While systemic lupus erythematosus (SLE) is more common in females, it has been shown to have a more severe disease course and higher mortality rate in males. Studies with male SLE subjects are limited however, given the 9:1 ratio of female:male SLE patients. In addition, most studies of SLE examine only for differences in American College of Rheumatology SLE criteria and not for comorbidities such as cardiovascular disease.
New research at Vanderbilt University Medical Center applied phenome-wide association studies (PheWAS), a tool developed by researchers in the Vanderbilt department of Bioinformatics, to compare SLE manifestation in males and females. PheWAS uses an EHR-linked, de-identified DNA biobank called BioVU to derive case and control populations using data within the EHR to define clinical phenotypes. It then scans a custom grouping of ICD-9 codes to determine associations.

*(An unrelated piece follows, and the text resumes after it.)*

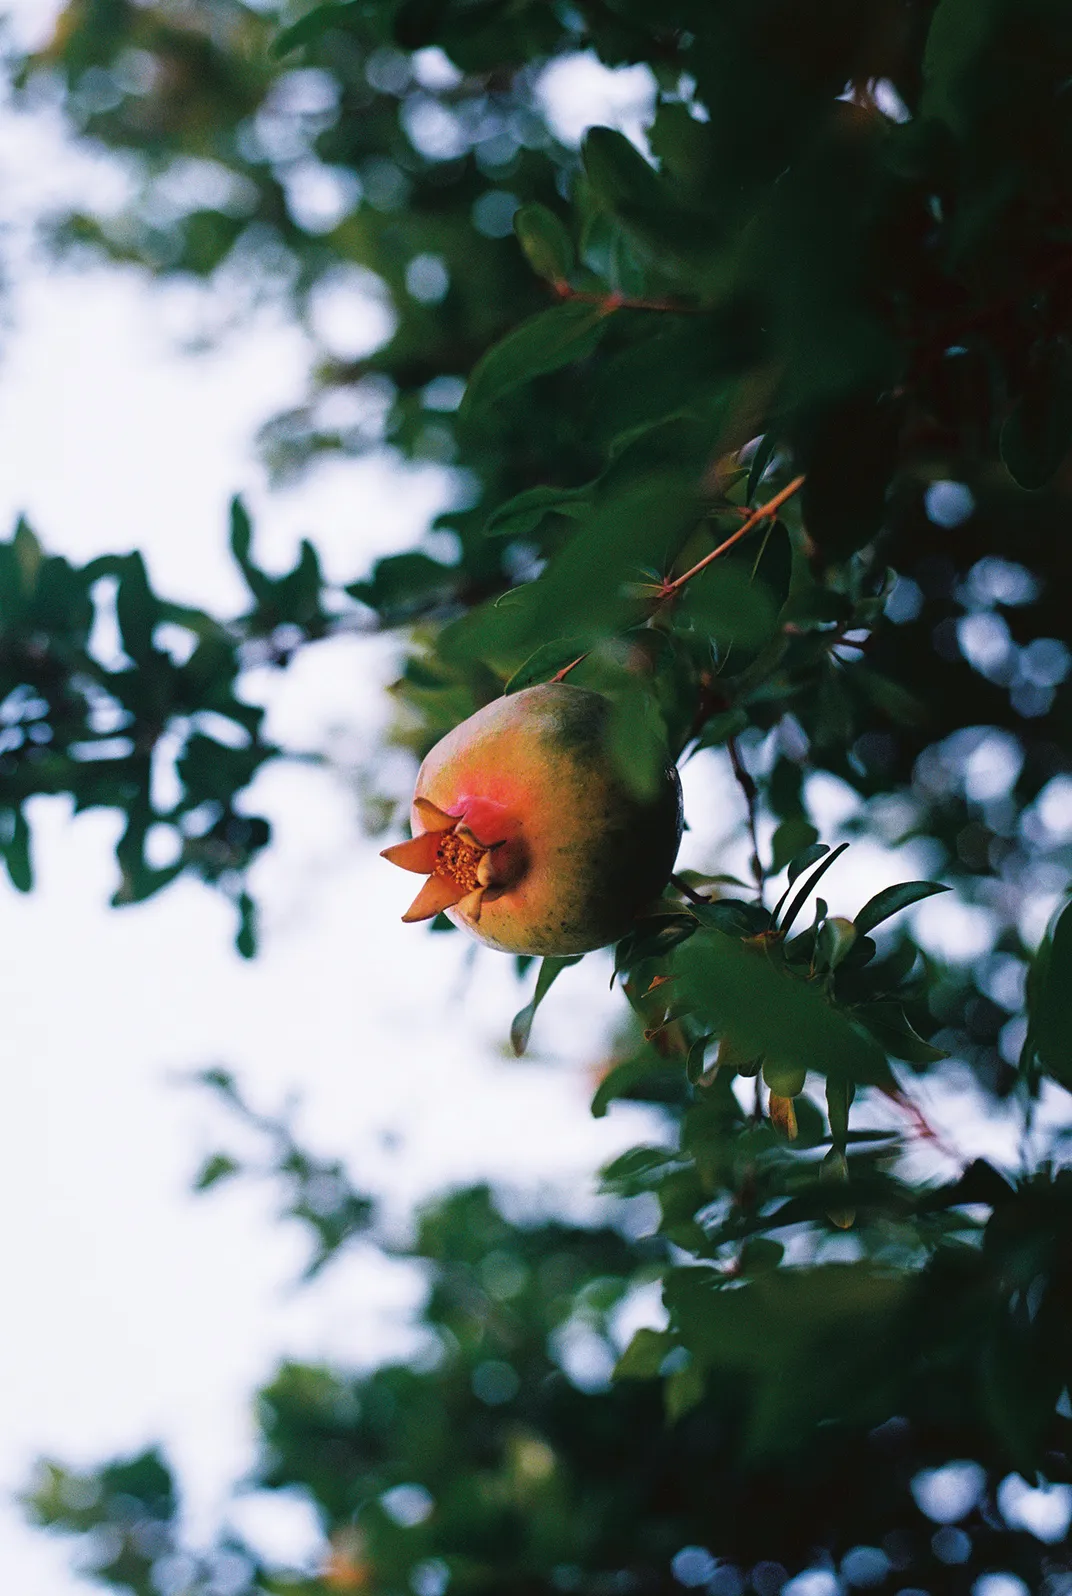 pomegranate hangs in a tree

“We first wanted to see if PheWAS could function as an EHR discovery tool for SLE,” said April Barnado, M.D., director of research at the Vanderbilt Lupus Center. “If PheWAS could identify disease manifestation by comparing lupus patients with matched controls, we could use it to study clinical associations in male versus female SLE patients.”
PheWAS and the EHR
In the proof-of-concept study, Barnado and her co-investigators analyzed 1,097 SLE subjects and 5,735 matched controls. They assembled their SLE subjects using a validated algorithm that uses the SLE ICD-9 code 710.0 and a positive antinuclear antibody (ANA), a lab value commonly measured in lupus patients. They also looked at risk factors for atrial fibrillation (AFib) including history of coronary artery disease (CAD), obesity, diabetes and hypothyroidism, as well as related factors like corticosteroid use.
Using PheWAS to compare males and females with SLE, the investigators uncovered an association of increased AFib in SLE males. A chart review confirmed AFib, with the majority of subjects developing AFib after SLE diagnosis. SLE disease status was independently associated with AFib even after adjusting for age, sex, race and CAD. The study is the first to use PheWAS methodology to perform discovery research in SLE, and it is the first to find an association of increased AFib in males with SLE.
The Future of SLE Research
“If we can figure out the course of the disease, we can help patients with planning and improve treatment and prognostics for all lupus patients.”
Now that they have a proven model, Barnado and her collaborators have identified several future projects using PheWAS to study SLE. They want to compare different groups of lupus patients (e.g. patients with antibodies versus no antibodies), and they hope to use genetic material from BioVU to delve more deeply into genotype/phenotype associations. Barnado’s goal is to leverage the EHR to understand why different SLE patients have different disease outcomes and treatment responses.
“Lupus is so many ‘diseases’,” she explained. “Patients fall across a wide spectrum. We want to better understand this heterogeneity to determine which groups of lupus patients will develop certain complications. If we can figure out the course of the disease, we can help patients with planning and improve treatment and prognostics for all lupus patients.”